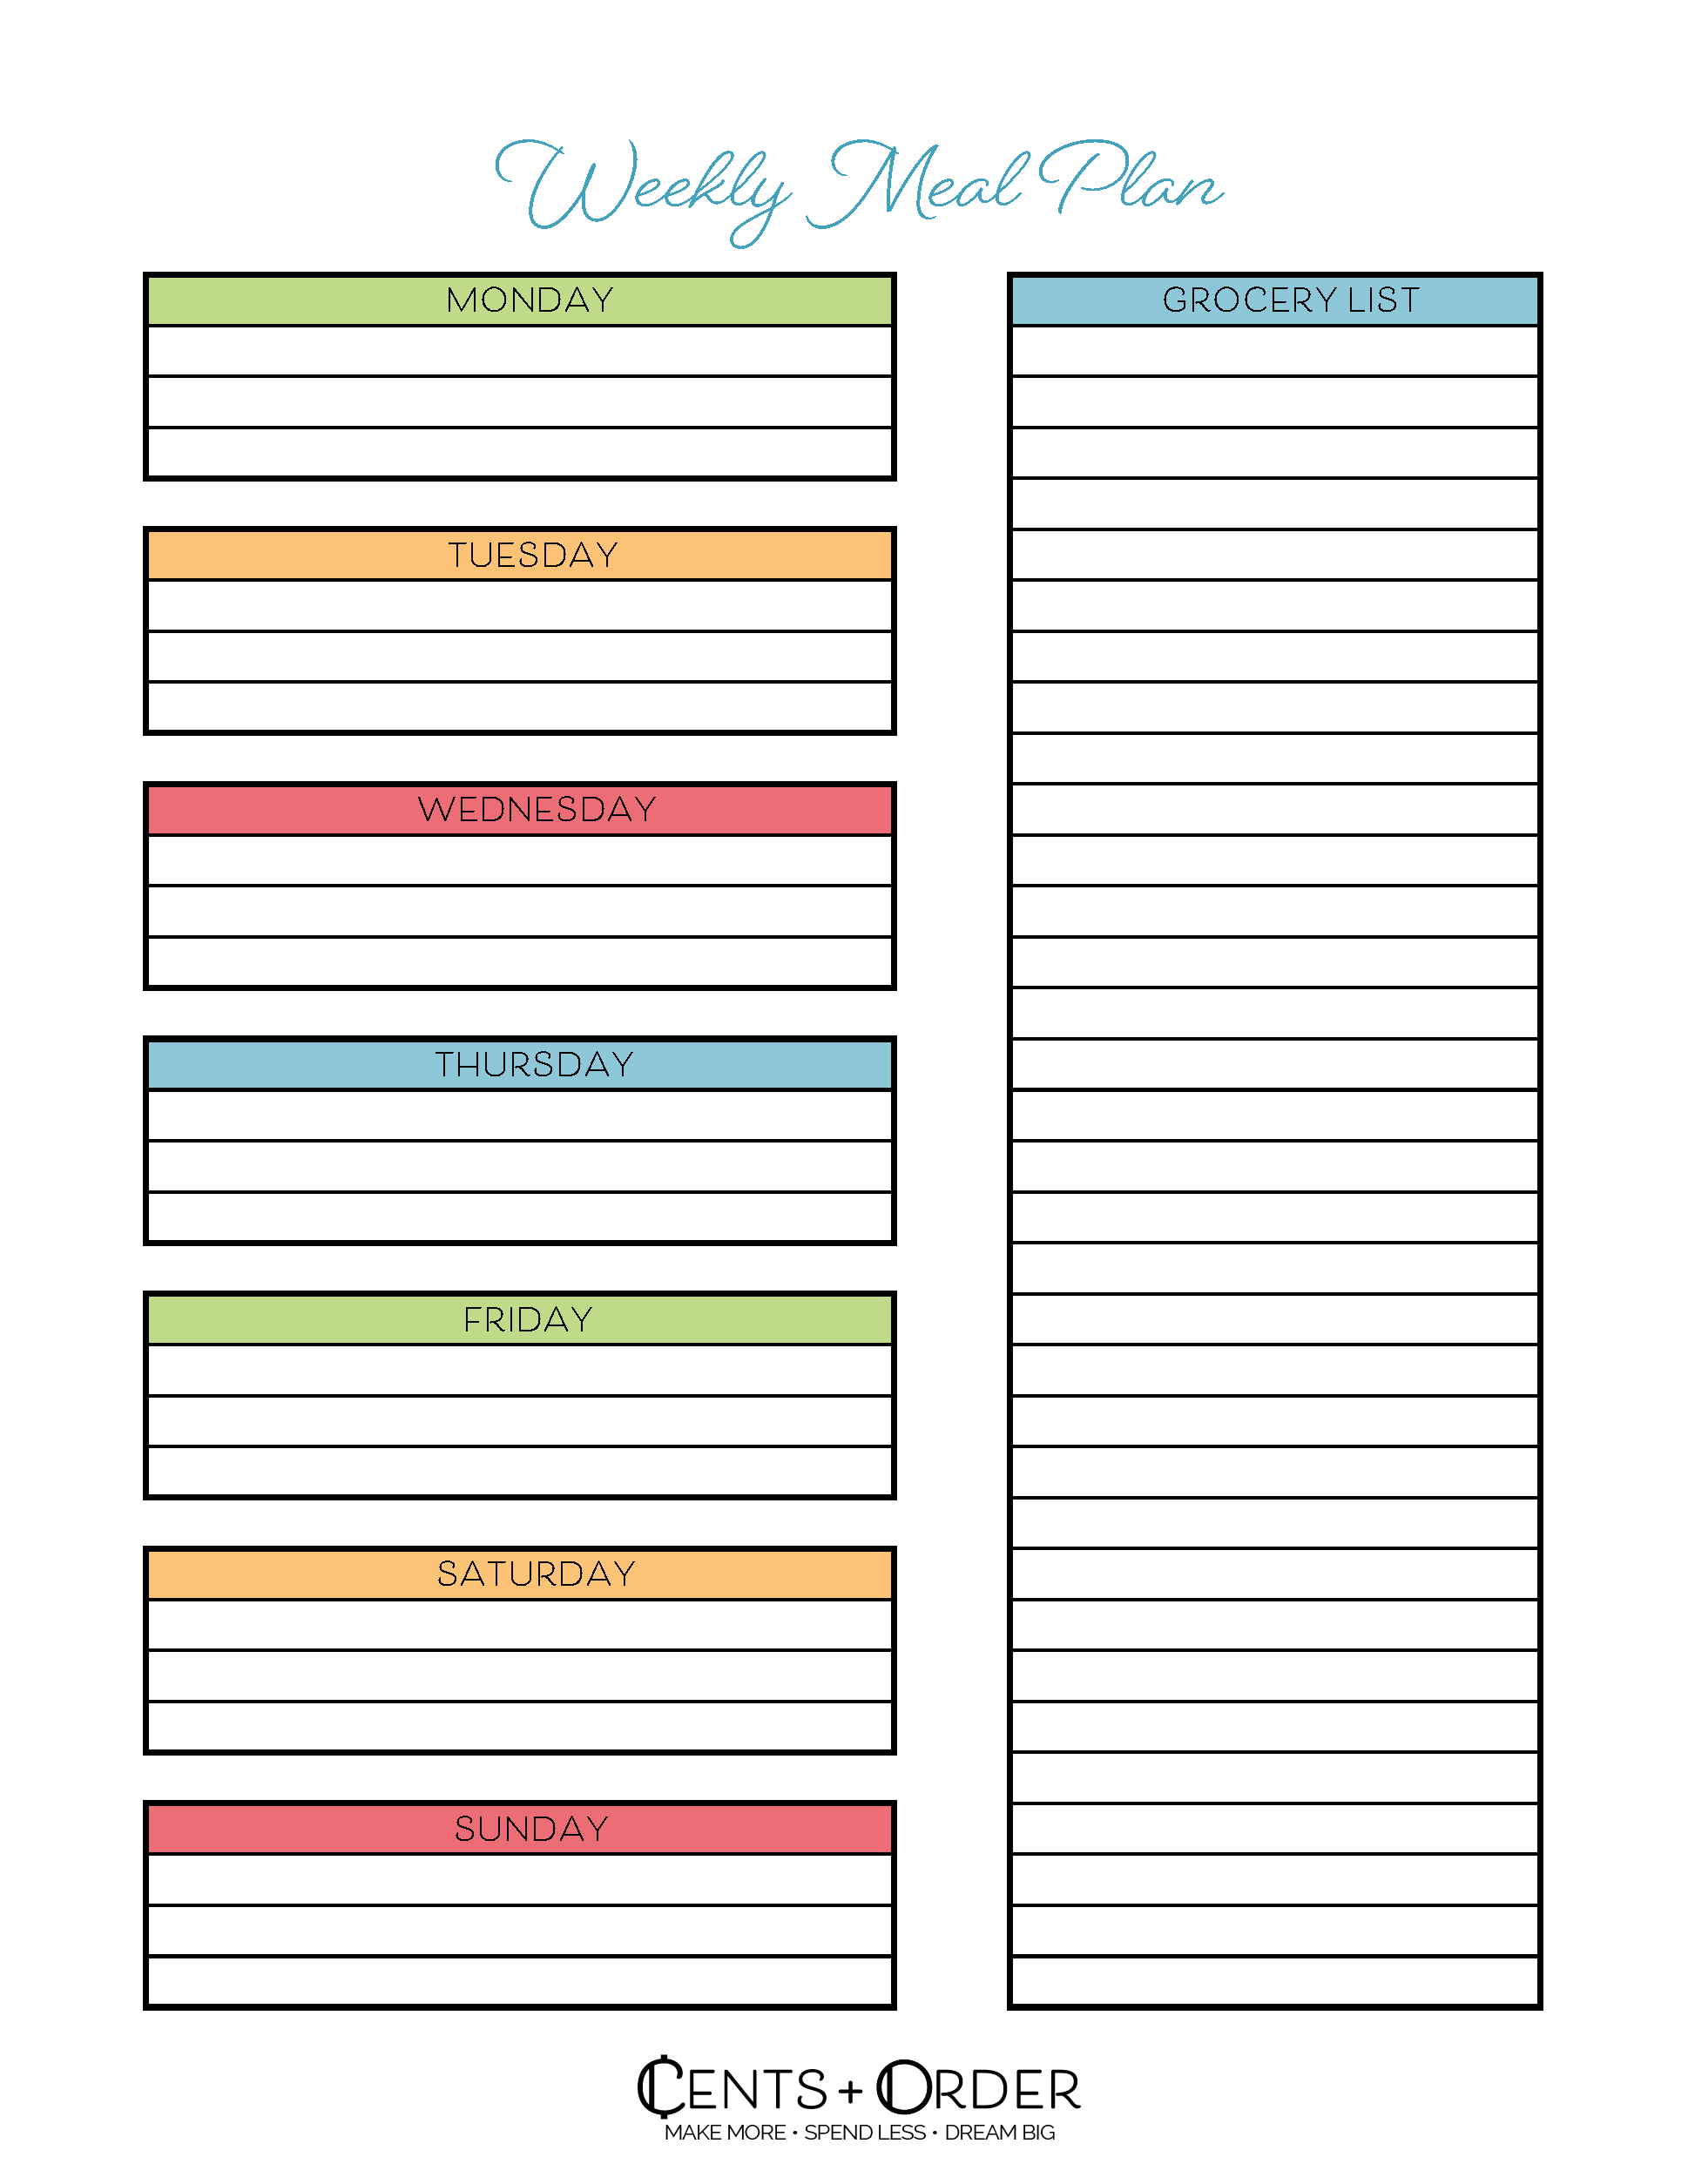 Weekly Meal Plan Template With Grocery List Collection
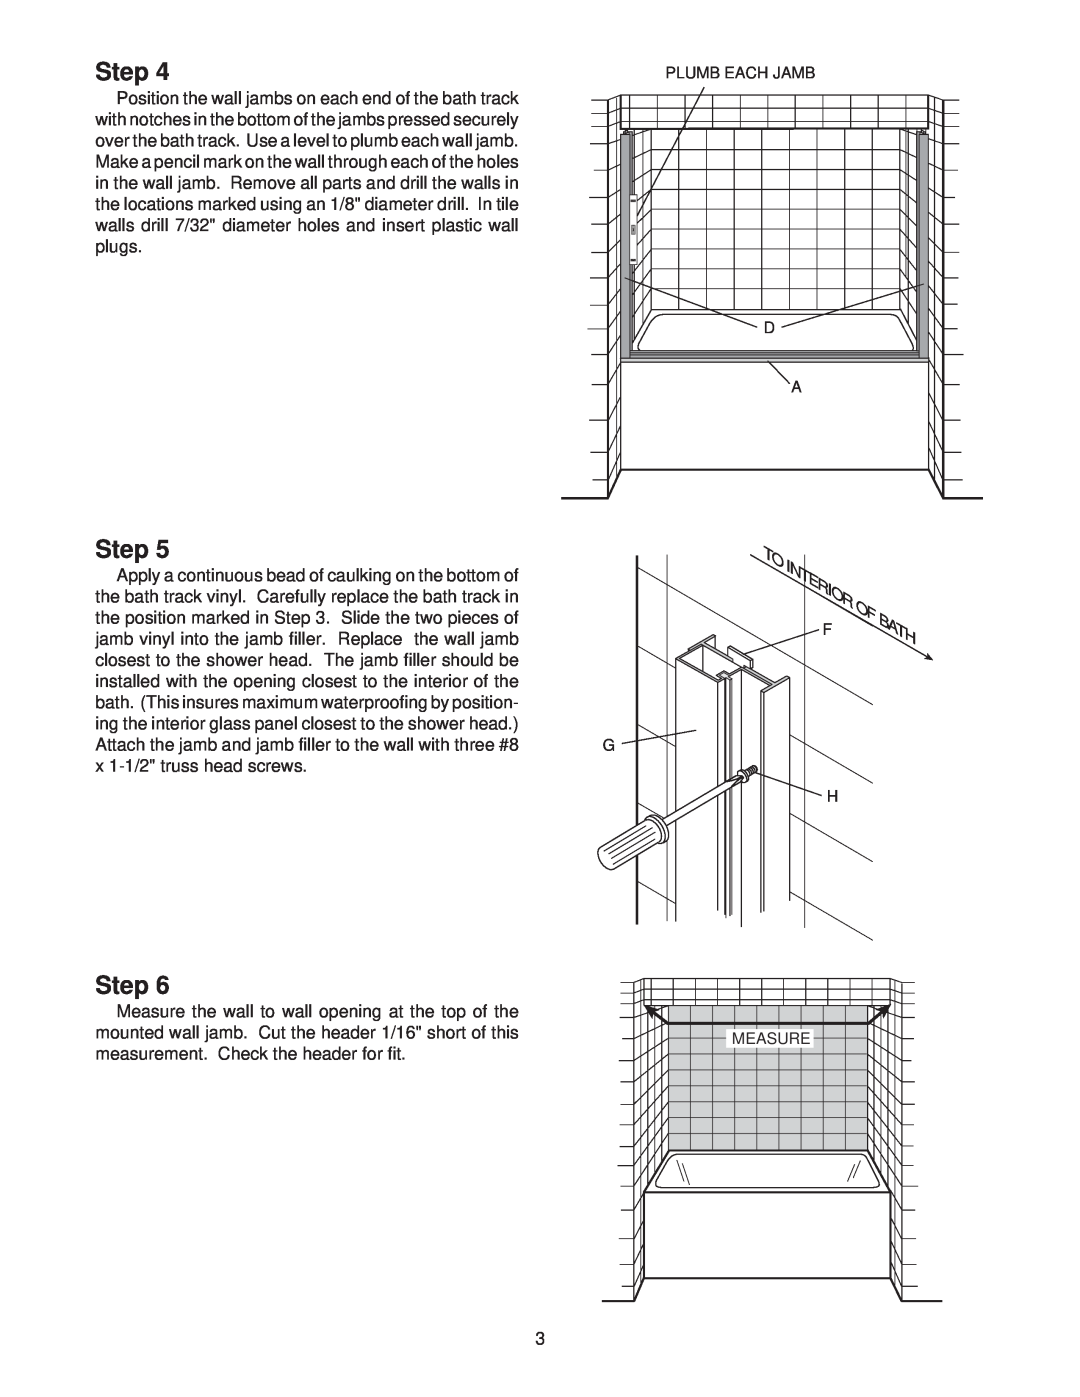 Jacuzzi Steam Enclosure installation instructions Step 
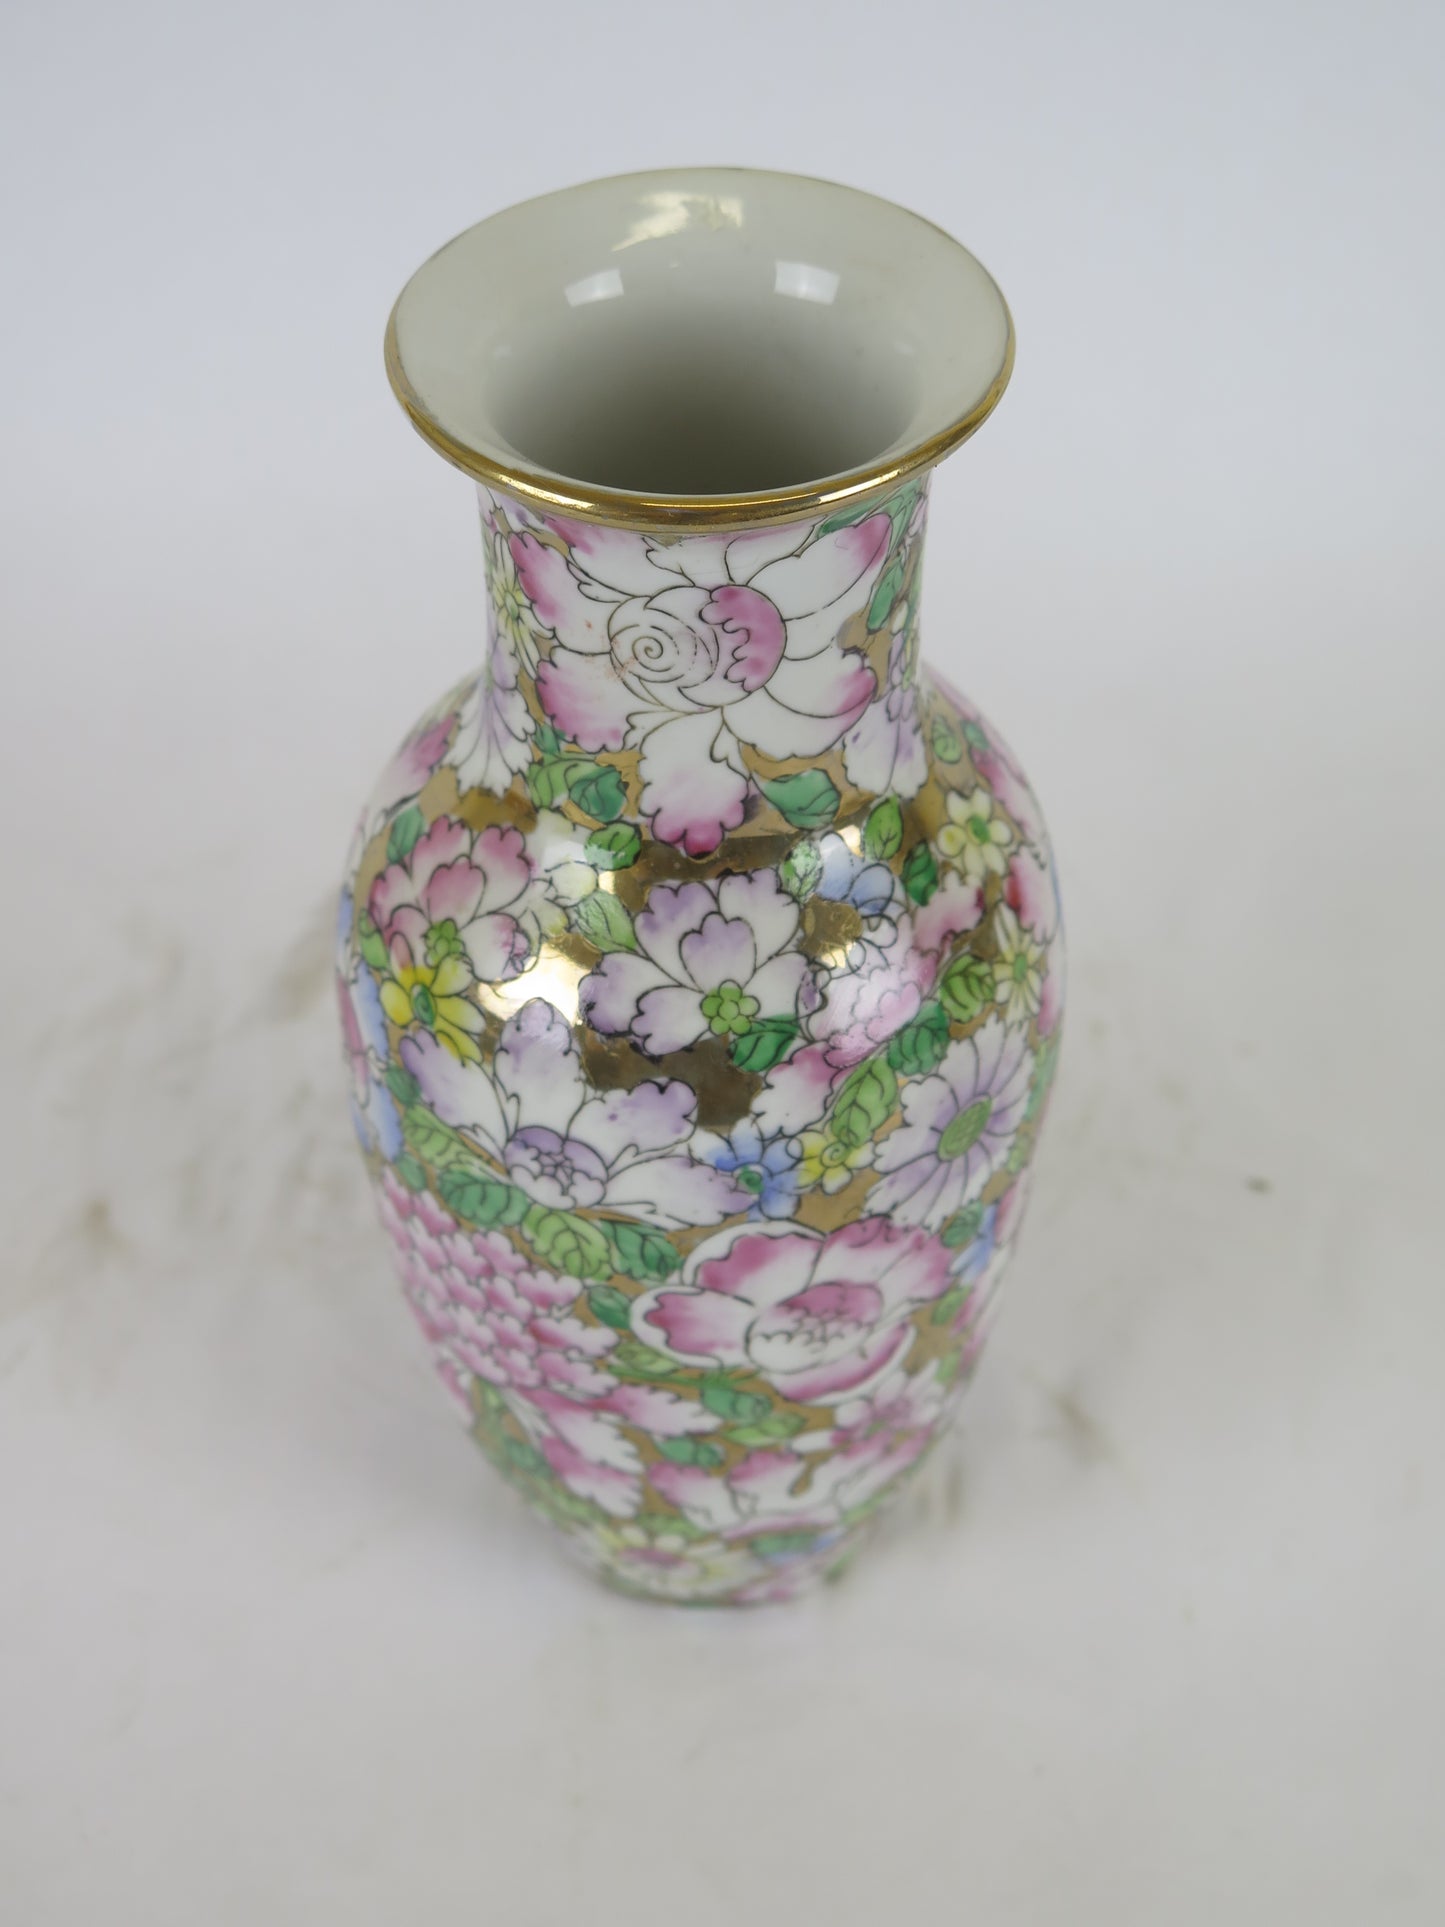 Old hand painted vintage ceramic vase with floral motifs Chinese ceramic vase for flowers China high quality hand painted CM8

**To do:** With the pictures omitted, the material is to be transcribed exactly.

**Answer box:**
 Weekly Meal Plan Template With Grocery List Collection
 Jacuzzi Steam Enclosure installation instructions Step 
 Old hand painted vintage ceramic vase with floral motifs Chinese ceramic vase for flowers China high quality hand painted CM8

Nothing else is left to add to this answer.